Могла бы и сама догадаться, к чему приведет игнор Элеонориных звонков. Было бы странно, если бы привел к решению оставить меня в покое: Эля не из тех, кого можно безнаказанно не замечать.

— Чего тебе?

— Это вместо «Привет, я тоже рада тебя видеть!» — посетовала Элеонора. — Ничего мне. Просто в гости решила зайти, а ты трубку не берешь. Я и думаю — может, звук отключила, не слышишь? Или спишь? А я все равно тут недалеко оказалась.

— Эль. — Врет Элеонора так же легко, как дышит, и никаких угрызений совести при этом не испытывает. Я не ее карму сейчас пожалела, а собственные уши. — Если и есть в городе человек, который не знает, какое шоу устроила на Последнем звонке добрая девочка Юля, спорю на что угодно, что это не ты! Не надо мне устраивать «у вас проблемы, хотите поговорить об этом», ладно? Я не хочу ничего обсуждать.

— Ну и дура, — объявила Элеонора. Встала передо мной, уперев руки в бока. — А ты далеко собралась, кстати?

— К Диминым ро… Просто гуляю.

— А-а-а.

Вот как ей это удается? Наверняка поняла, что я собиралась за Костиком. И что передумала за ним идти, — тоже поняла.

— А давай в другую сторону гулять? — Эля схватила меня под локоть и решительно поволокла обратно.

Отбиваться бесполезно.
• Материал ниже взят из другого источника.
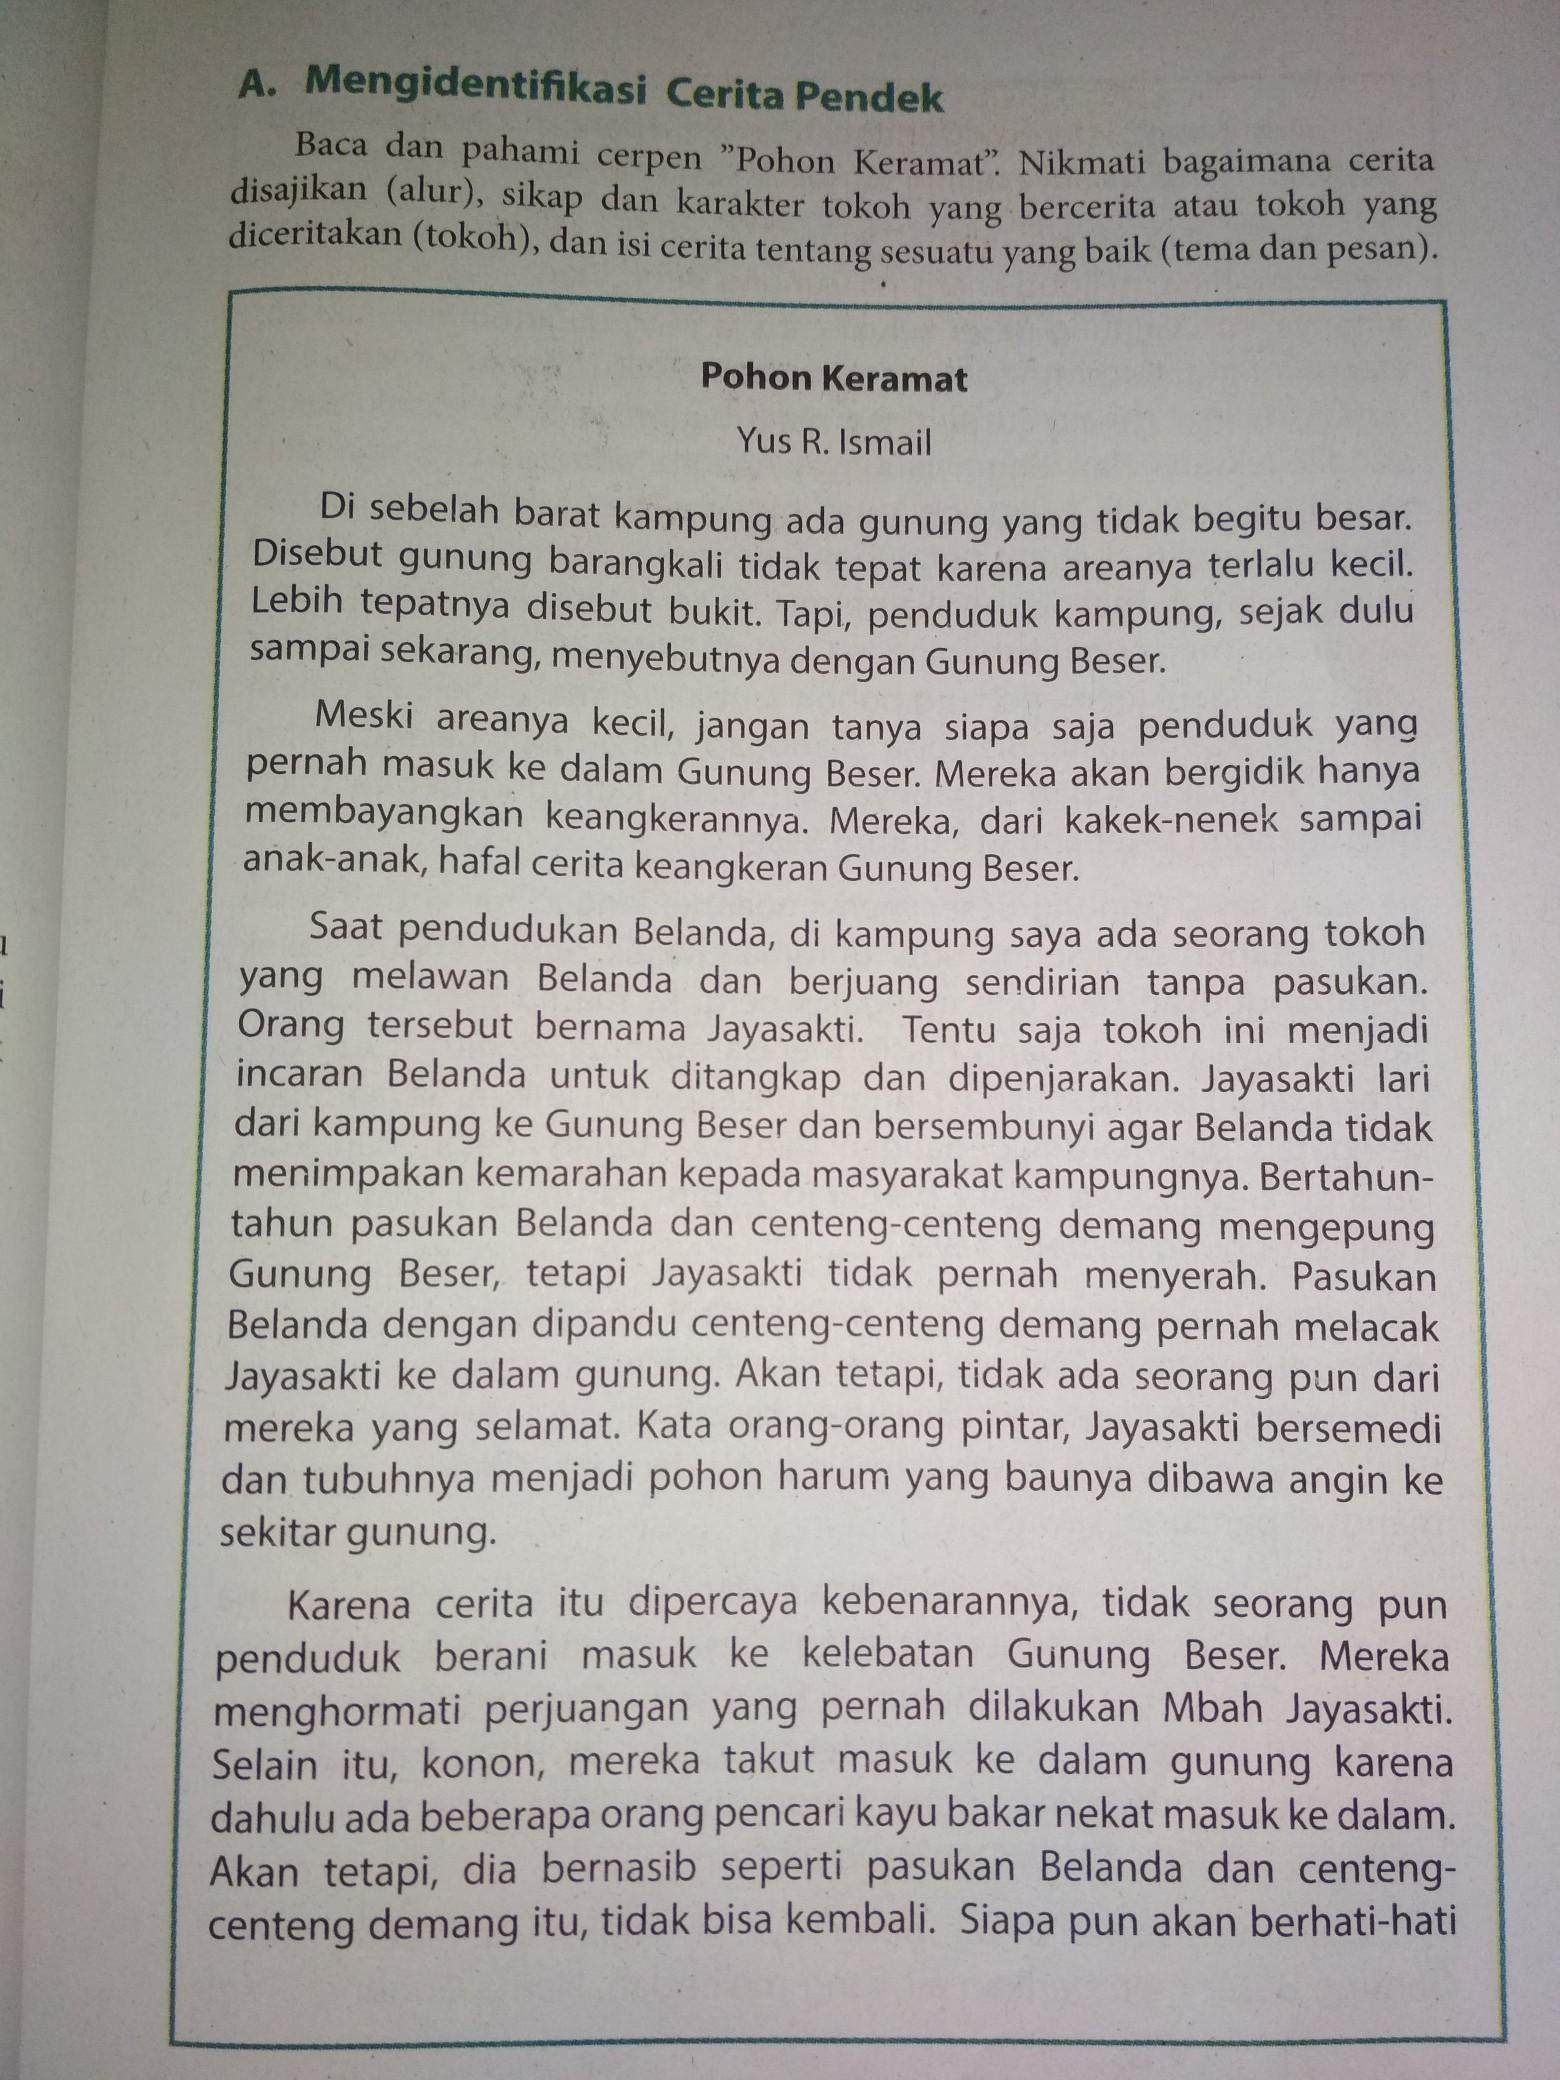 Buku Kelas 9 Bahasa Indonesia Kurikulum 2013cerita Pendek Pohon

Если Элеонора решила осчастливить кого-то своим присутствием — не родился человек, который сумеет отбрыкаться.

Дома я, ненавидя себя, украдкой проверила телефон — ни пропущенных звонков, ни сообщений. Хотя бы просто «Я добрался. Извини» — ну неужели сложно было написать?

— Тишина? — Эля в ванной мыла руки. Манипуляций с телефоном не видела и видеть не могла.

— О чем ты? — Я убрала телефон, прошла на кухню.

— Не «о чем», а «о ком». — Эля вошла вслед за мной, присела к столу. — О Димочке любимом, ясное дело! Что — уехал и не звонит, не пишет? А знаешь, почему?

— Знаешь, судя по всему, ты. — Я села напротив. — И тебе жуть как не терпится поделиться.

— Вот, охереваю я с тебя, — восхитилась Эля. — Открой секрет — чем ширяться надо, чтоб настолько все пофиг было? И куда мужик свалил, и с кем свалил, и когда приедет…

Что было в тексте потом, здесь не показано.